__Data in this exercise__
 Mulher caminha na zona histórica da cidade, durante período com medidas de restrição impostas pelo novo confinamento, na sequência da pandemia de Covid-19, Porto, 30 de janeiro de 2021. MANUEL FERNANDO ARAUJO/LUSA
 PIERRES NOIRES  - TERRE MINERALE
==
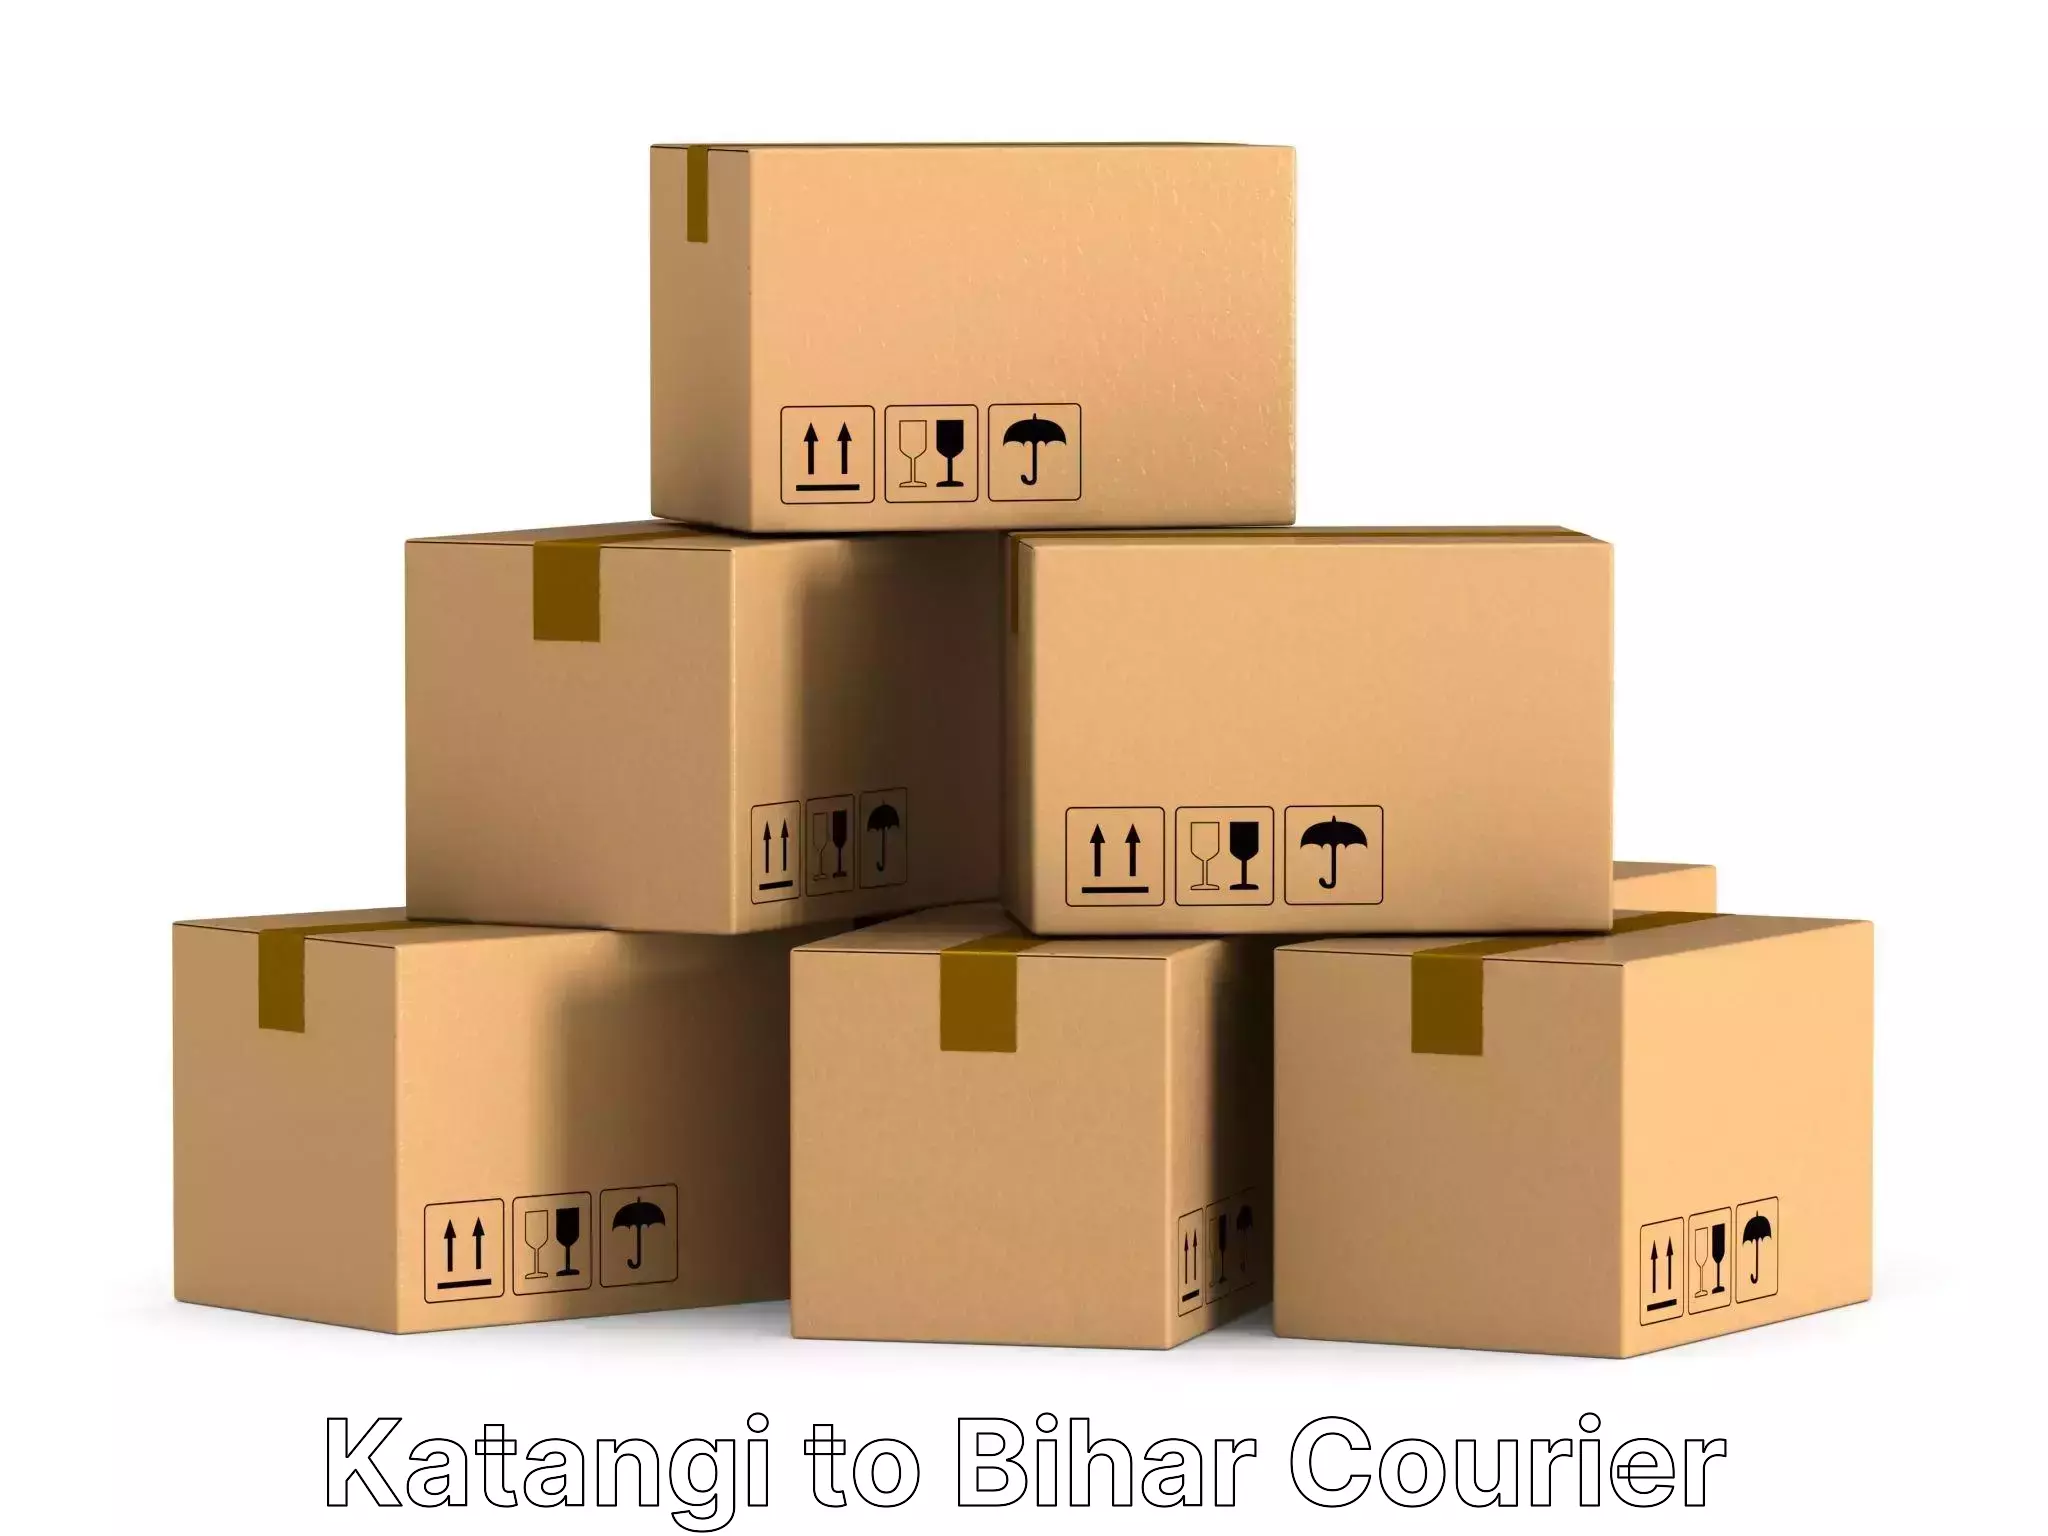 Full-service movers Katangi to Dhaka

__Required work__
Print exactly the lines above from the one with "Mulher caminha na" to the one with "- TERRE MINERALE", including both.

__Exercise solution__
 Mulher caminha na zona histórica da cidade, durante período com medidas de restrição impostas pelo novo confinamento, na sequência da pandemia de Covid-19, Porto, 30 de janeiro de 2021. MANUEL FERNANDO ARAUJO/LUSA
 PIERRES NOIRES  - TERRE MINERALE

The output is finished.